Sarebbe potuta andare molto male. Lei e Michael avrebbero potuto trovarsi in una situazione ancora peggiore.
E tuttavia non aveva altra scelta. Doveva ottenere l'attenzione di Giovanni Trevisan. Ogni precedente tentativo, ogni precedente forma di comunicazione era caduta nel silenzio. E il silenzio era distruttivo. Schiacciante.
Giovanni Trevisan, milionario italiano, era anche l'uomo più riservato della nazione. Appariva in pubblico molto raramente. Non aveva una mail né un numero di telefono diretto, e quando lei aveva finalmente raggiunto la reception del suo ufficio, nessuno aveva voluto trasmettere i suoi messaggi all'amministratore delegato della compagnia, la Trevisan S.p.A. Ragion per cui era lì, a Venezia, davanti a Palazzo Trevisan, quella che da due secoli era la dimora di famiglia.
Fino all'inizio del Ventesimo secolo i Trevisan erano stati costruttori di successo, ma negli ultimi quarant'anni l'azienda si era trasformata in un vero e proprio impero. La fortuna dei Trevisan era quadruplicata grazie alla gestione di Giovanni, tanto che la sua era diventata una delle famiglie più potenti e influenti d'Italia.
Il trentottenne Giovanni continuava a dirigere quella azienda che aveva la propria sede centrale a Roma, ma Rachel aveva appena scoperto, attraverso un investigatore privato, che raramente lui faceva la propria comparsa in ufficio, preferendo invece lavorare da casa.

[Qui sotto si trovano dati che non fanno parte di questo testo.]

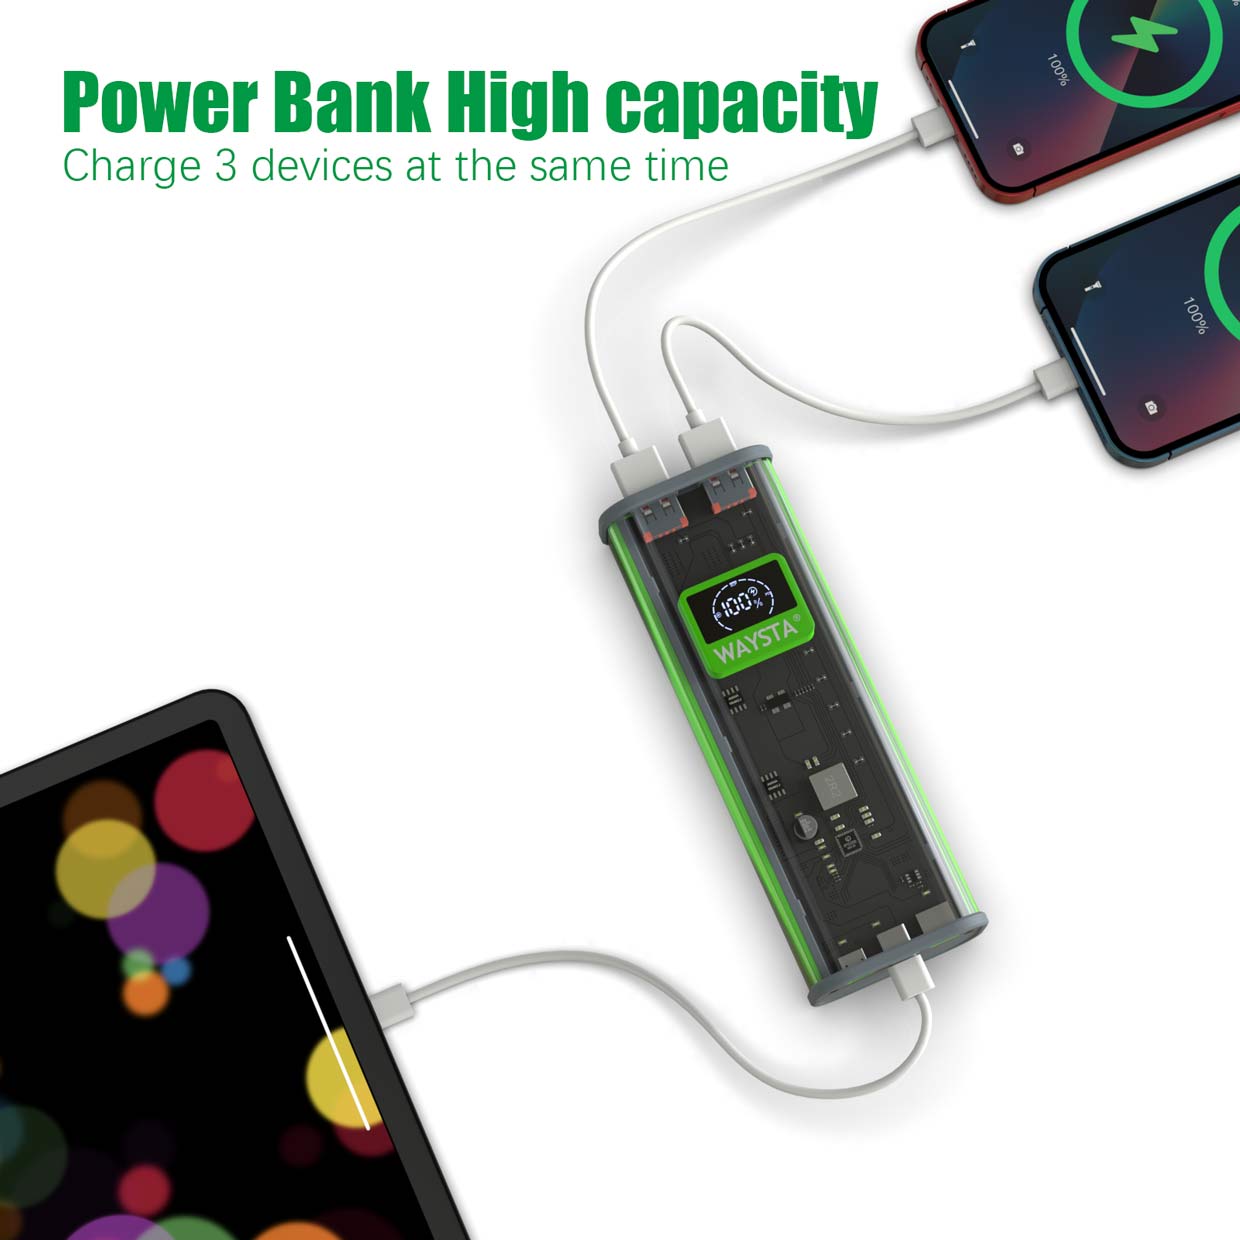 Power Bank 26800mAh, portable charger, QC 3.0 22.5W and PD 20W fast charging battery pack, digital smart display compatible with mobile phones cameras tablets etc.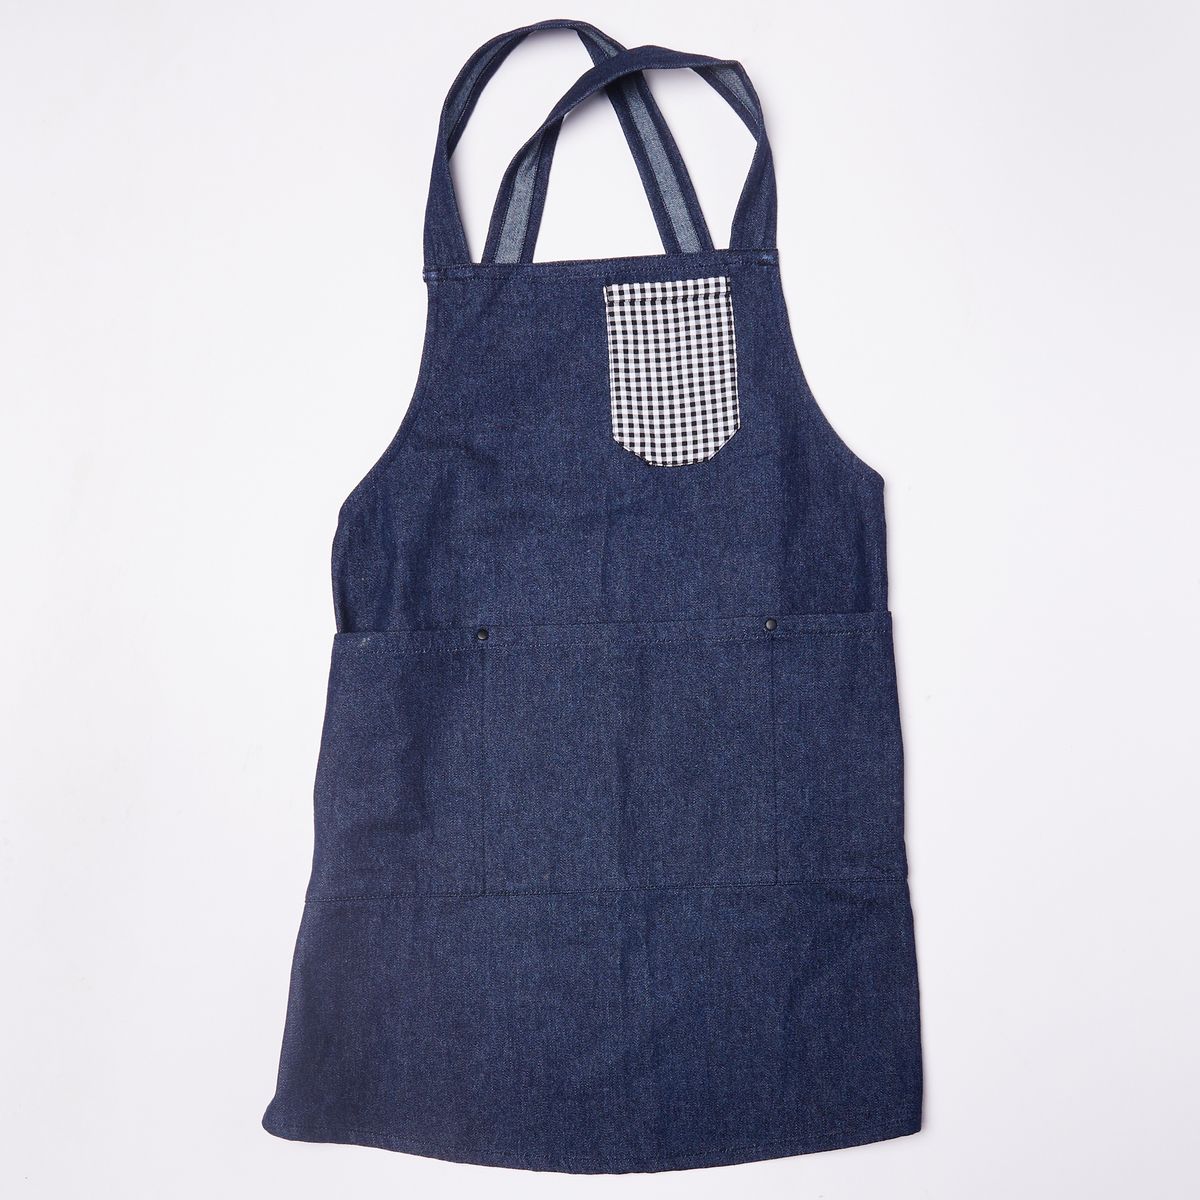 Denim blue kids criss cross apron with a little pocket on the top right in a gingham fabric

Ecco perché si trovava proprio lì, sulla soglia, esausta per il viaggio e con un bambino di sei mesi in braccio. Giovanni non avrebbe più potuto ignorarla. E, soprattutto, non avrebbe più potuto ignorare Michael.
Con le lacrime agli occhi fissò il bambino addormentato e si scusò per ciò che di lì a poco avrebbe fatto. «È per il tuo bene...» sussurrò stringendolo dolcemente al petto. «E non andrò lontano. Te lo prometto.»
Persino nel sonno il piccolo si dimenò in segno di protesta.
Rachel sorrise mestamente, allentando la presa. Non dormiva da mesi, non da quando era diventata la sua tata a tempo pieno. A sei mesi il bambino avrebbe già dovuto dormire tutta la notte, ma forse era sconvolto quanto lei, o forse gli mancava la mamma...
Sentì il cuore stringersi in petto. Se solo avesse fatto di più per Juliet dopo la nascita di Michael, se solo avesse capito quanto la sorella stava male...
E tuttavia non poteva tornare indietro nel tempo. Tutto ciò che le restava da fare era rivolgersi alla famiglia del padre del bambino. Avevano entrambi bisogno di aiuto. Era al verde e sul punto di perdere il lavoro e non era giusto, non quando quella famiglia poteva, e doveva, aiutarli.
Deglutì il nodo alla gola e sollevò una mano per suonare il campanello.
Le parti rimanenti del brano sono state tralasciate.